- _Material for the task_:
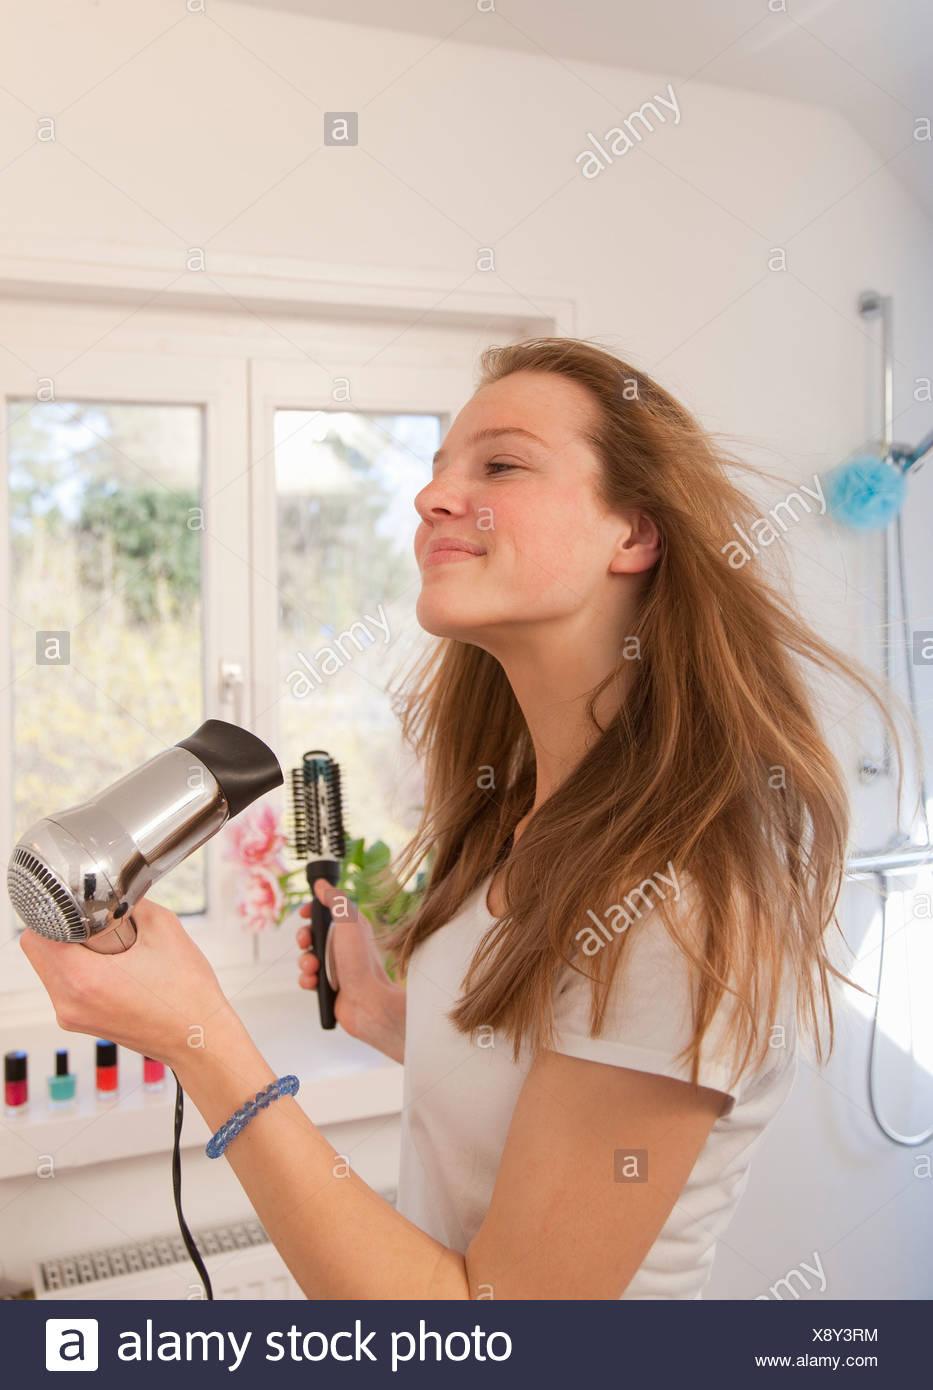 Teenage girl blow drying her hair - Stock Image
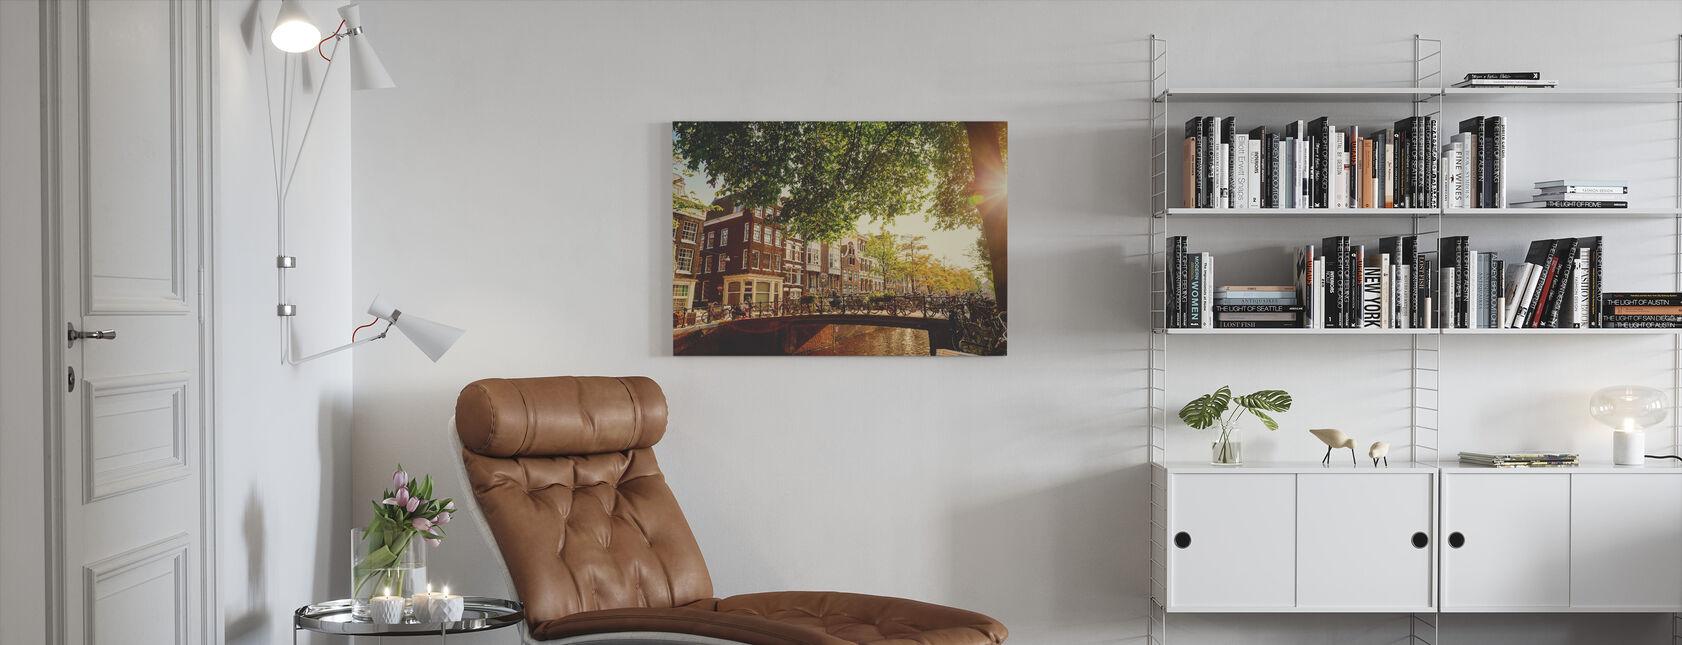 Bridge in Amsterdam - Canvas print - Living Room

* * *

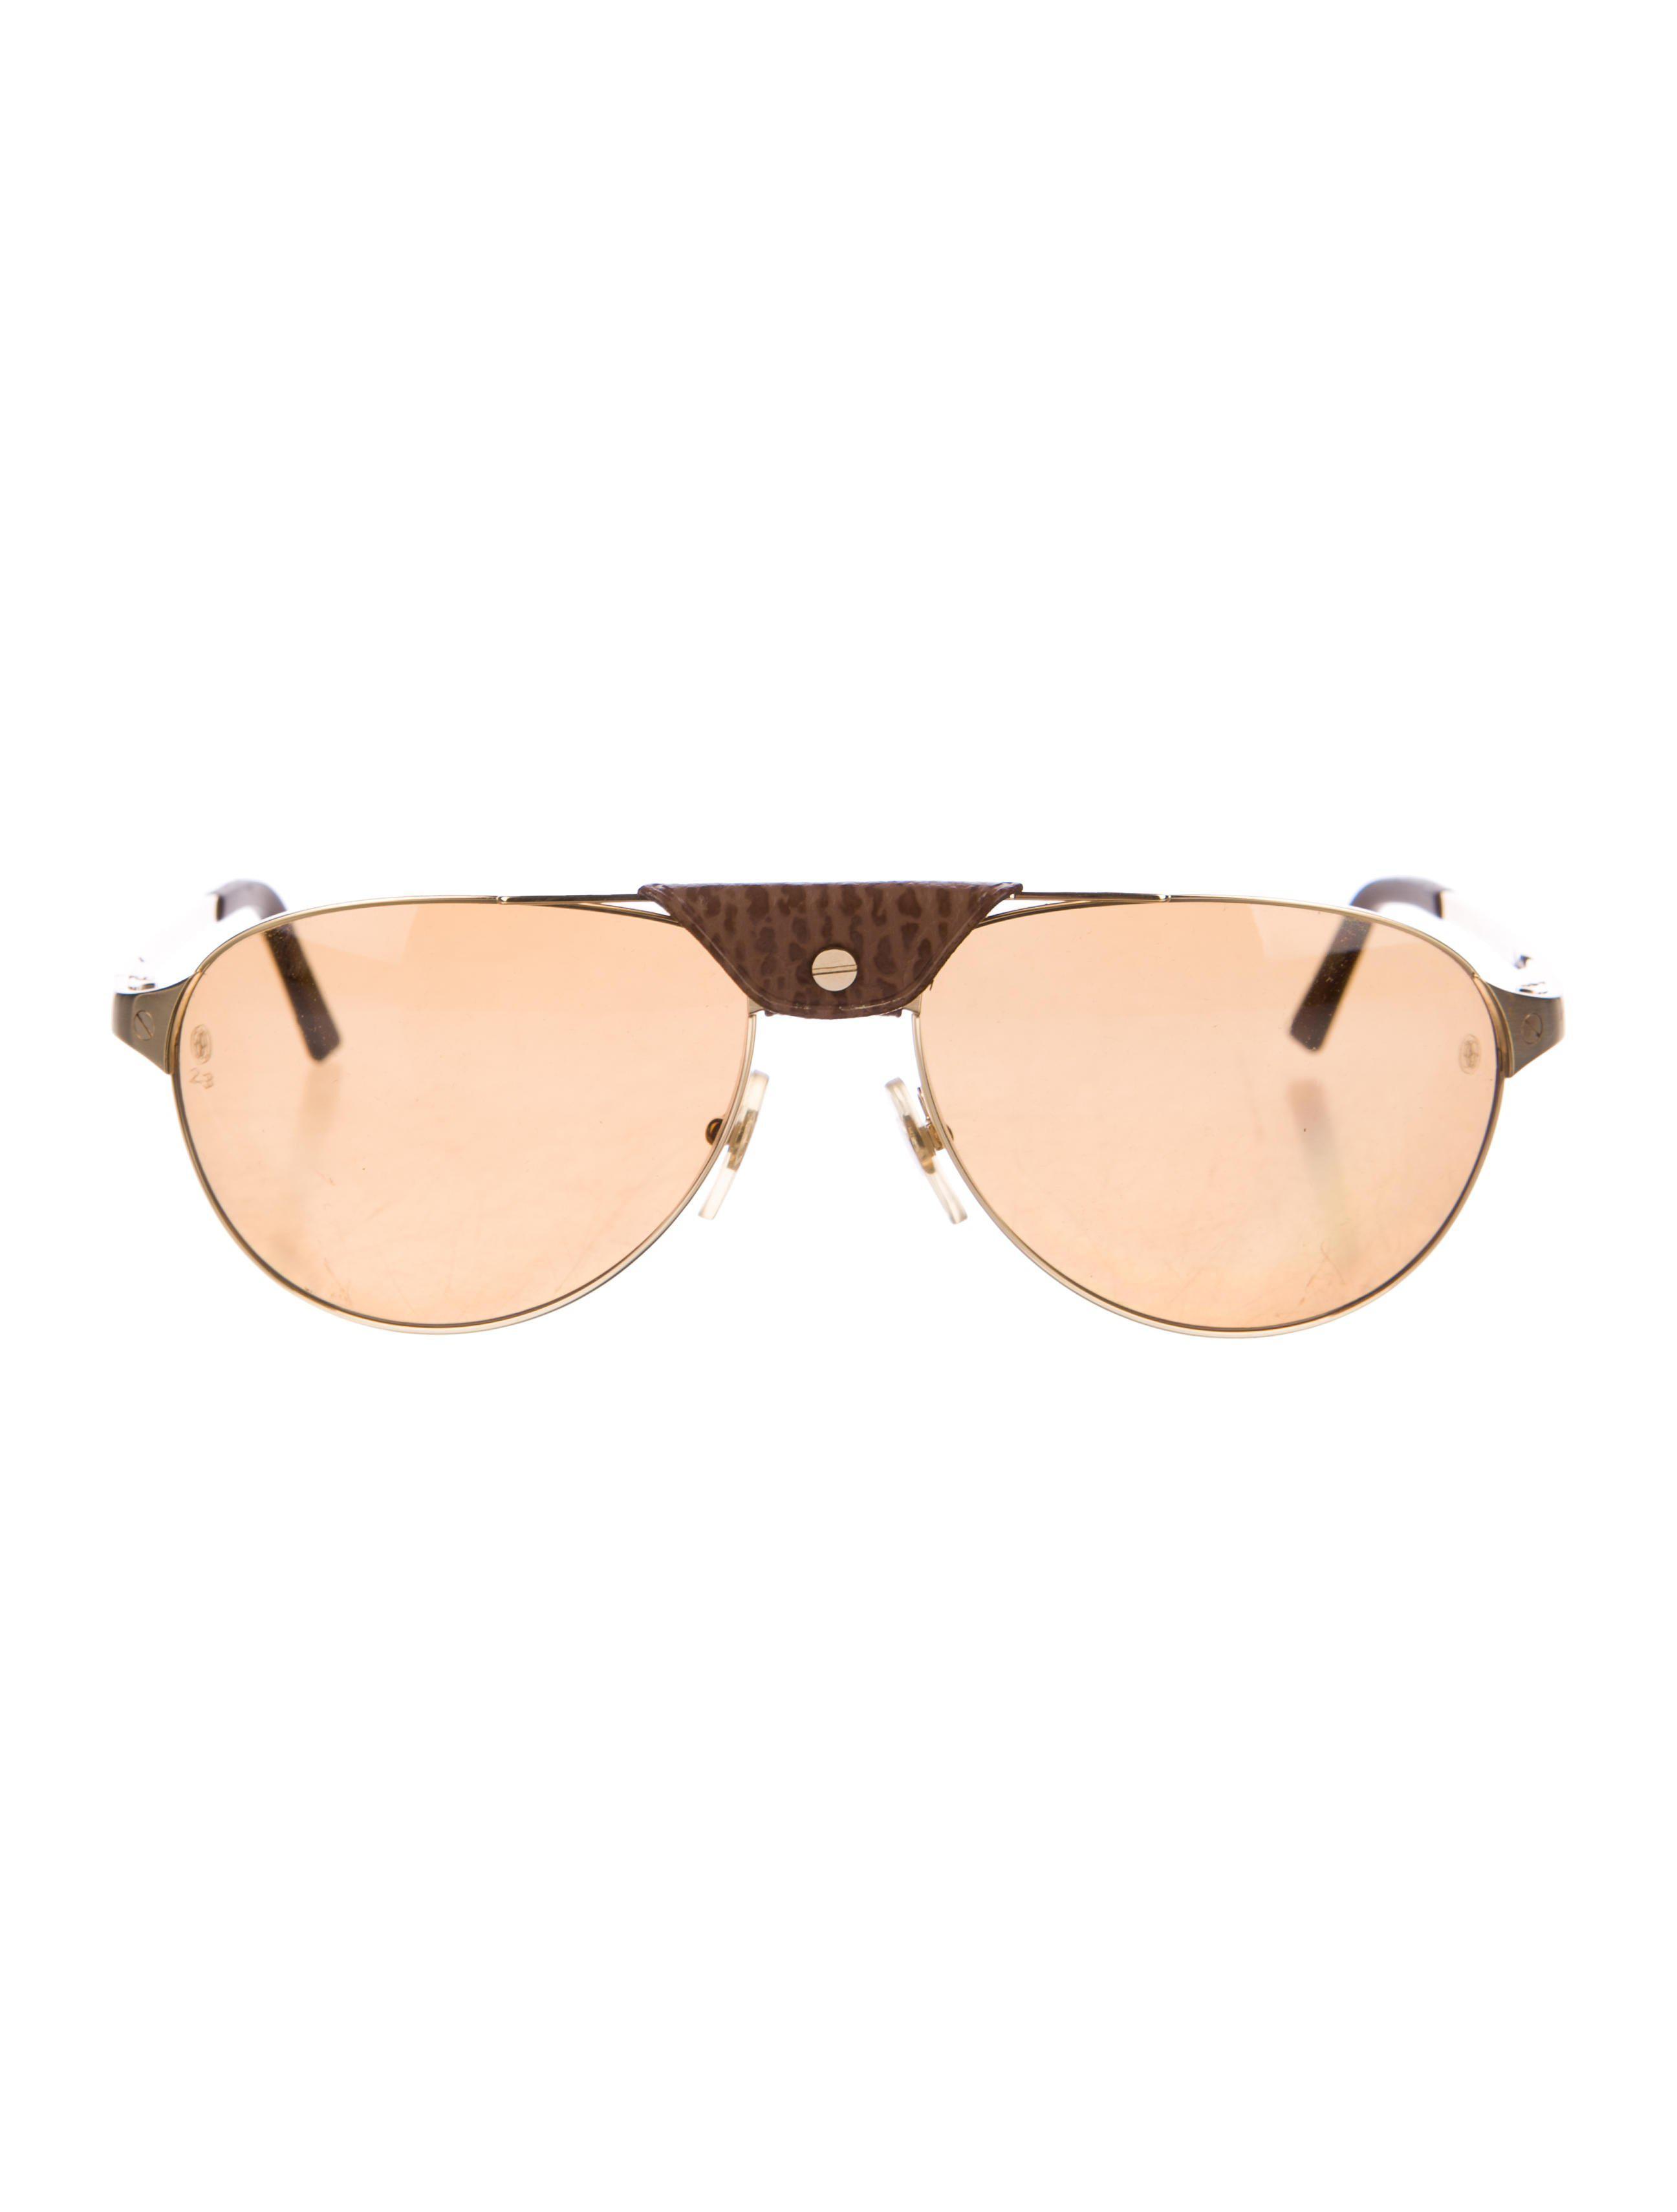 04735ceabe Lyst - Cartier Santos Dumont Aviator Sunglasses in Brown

- _Work instructions_: From the entries above, copy exactly the lines starting at the one with "Teenage girl blow" and stopping at the one with "Bridge in Amsterdam", keeping both ends. Drop the pictures.

- _Output_:
 Teenage girl blow drying her hair - Stock Image
 Bridge in Amsterdam - Canvas print - Living Room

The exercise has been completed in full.